Weidenhaupt partly blames the abnormally high valuation of Zynga earlier in the year for putting pressure on free-to-play companies to hit unrealistic targets.
"Since Zynga reached an almost abnormal market valuation investors and shareholders tend to expect much too high growth rates in much too short a time," he told GamesIndustry International.
"By now, one-digit growth rates are not even regarded as good enough. If you plan double-digit growth rates you run the risk of threatening your whole business model, if the presumed growth rate is simply not happening.
"This affects the company manpower planning as well as product schedules and licensing. The market is dominated by the propensity to copy each other in order to be able to communicate these expected growth rates. We have to grow sustainable, healthy and not at any cost."
Yesterday Koch Media confirmed it had acquired a stake in developer Infernum as it looks to increase its footprint in free-to-play. Infernum's first release, Brick Force, has over 1.5 million players.
The company employs 32 people but expects to grow to over 50 during the new year. Weidenhaupt said that his company is ignoring the stats bandied around the free-to-play market, and is instead focusing on the product.
"I have to ask myself, for whom essentially are numbers of 300 million registered users communicated in the end? If you see this from a logical standpoint, you could stop any marketing activities immediately because you have already reached the available audience many times over already.

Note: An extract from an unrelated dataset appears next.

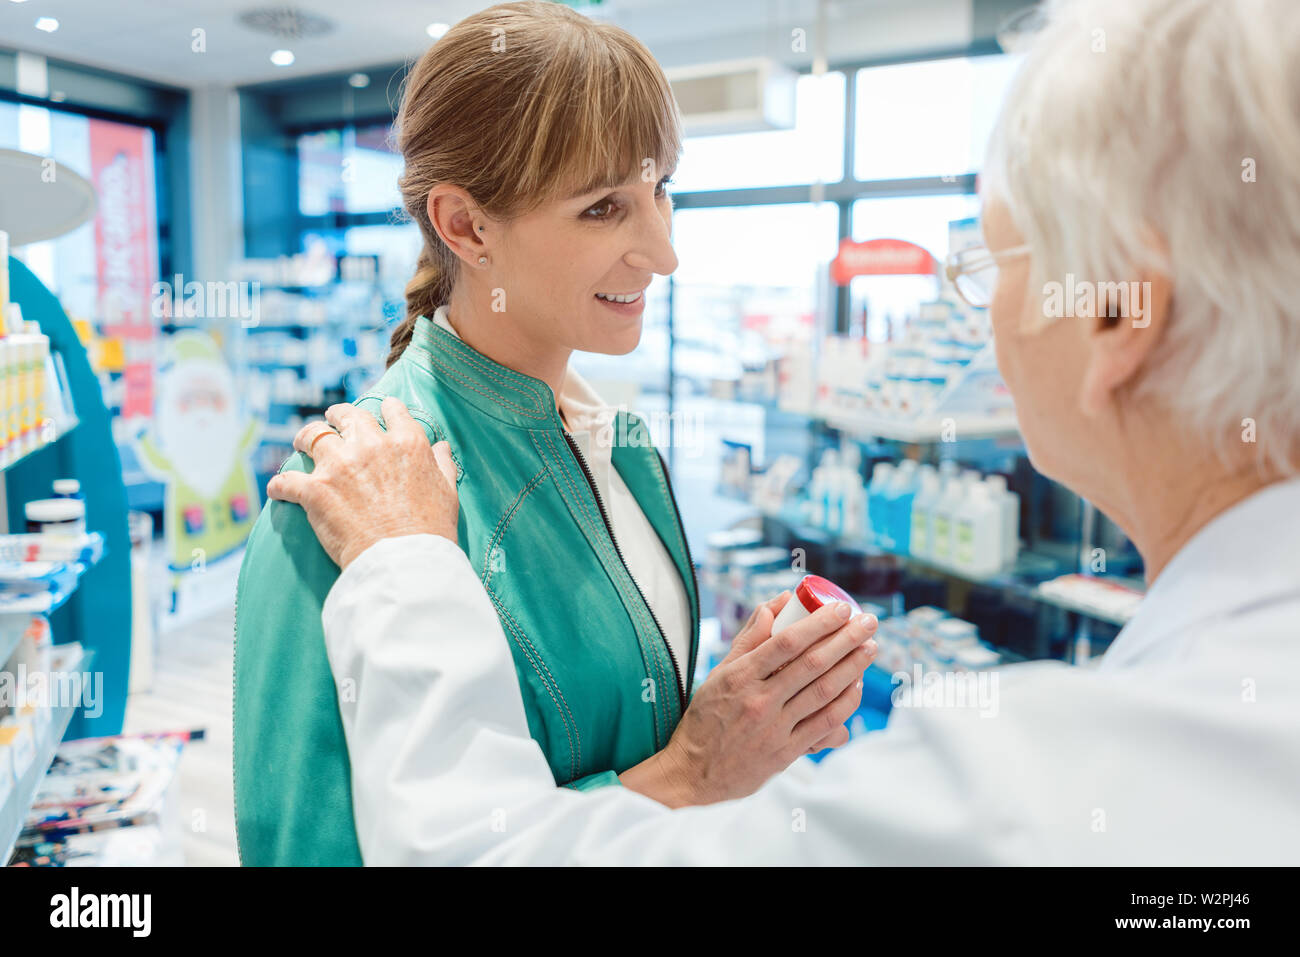 Woman customer in pharmacy buying drug hoping to get better Stock Photo
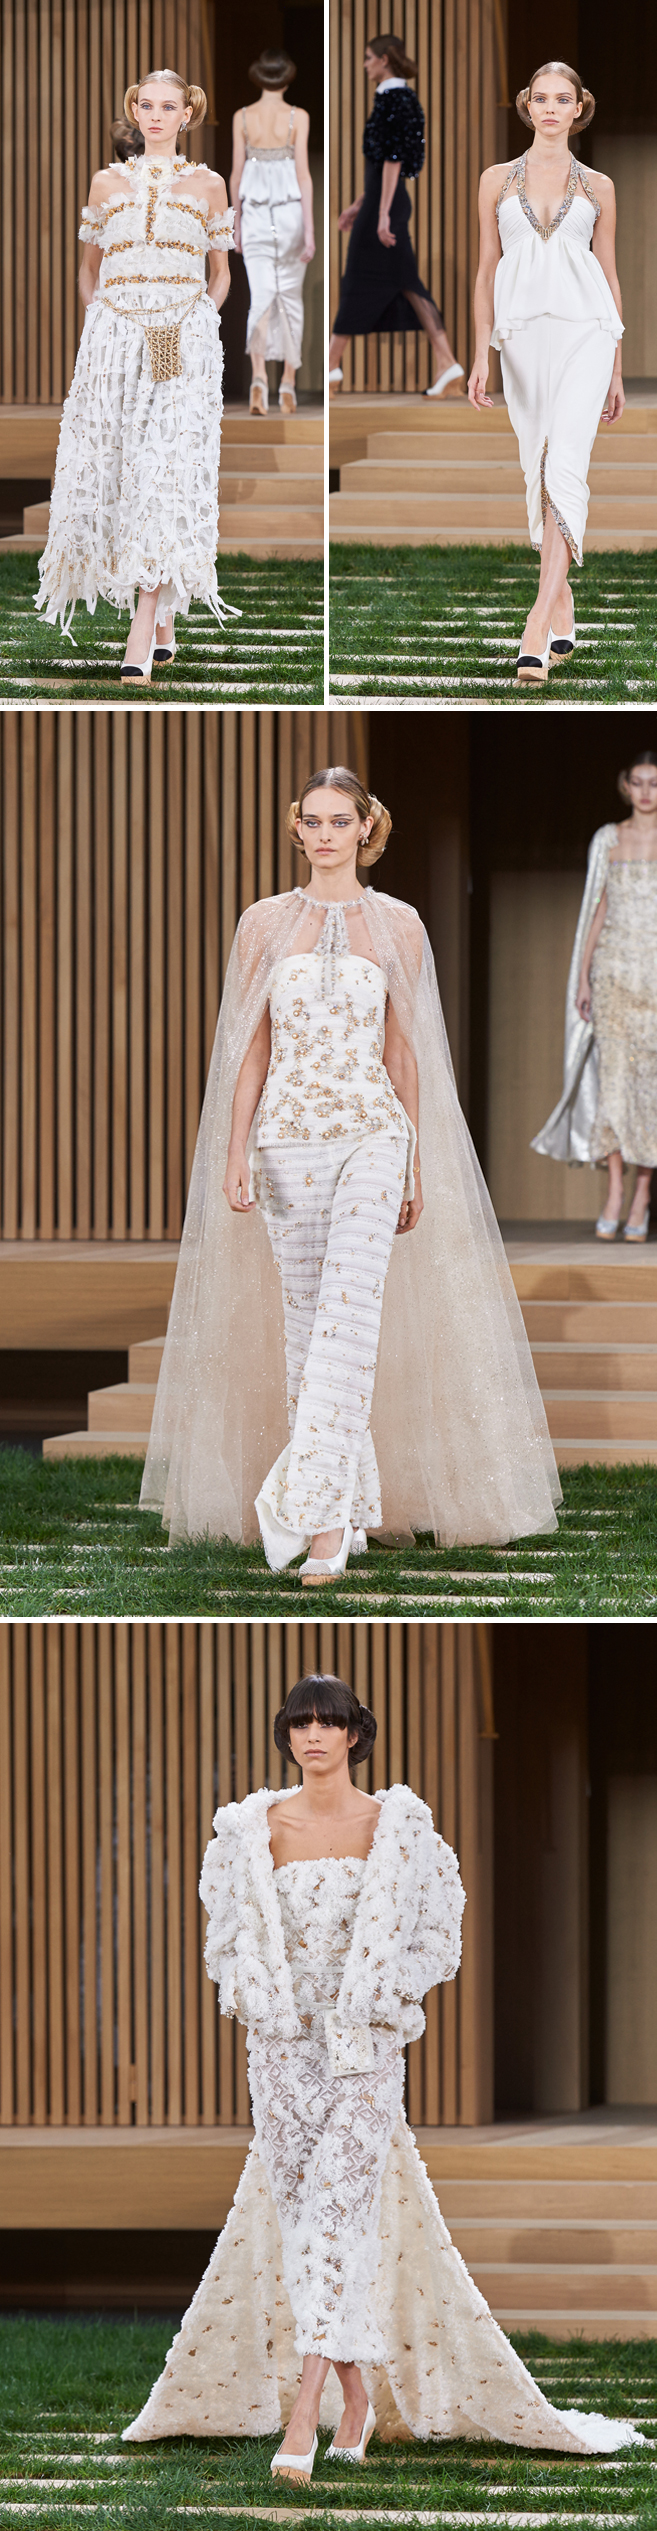 Chanel, Chanel Spring Summer 2016, Haute Couture, Chanel Haute Couture, Perfect Wedding Magazine, Perfect Wedding Blog, Couture Bride

"An online marketing manager has to be able to market a game on a quality level instead of only buying traffic."

Every serious business person knows that "registered users" is a totally useless vanity metric. It tells you how long you have been around and possibly how much marketing money you have spent, but not much more.
Active users is a vastly more useful metric, but long gone are the days when user numbers are a proxy for revenue. When everyone pays roughly the same amount, it works; now that we have enabled players to spend whatever they want along the demand curve, it isn't useful.
There are businesses with barely 1m registered and 200k MAUs making over $10m a year and there a businesses with 30m MAUs struggling to do the same. I totally agree with Andreas that focusing on user growth is a mistake, if you could be making a great game that keeps players and encourages them to spend money.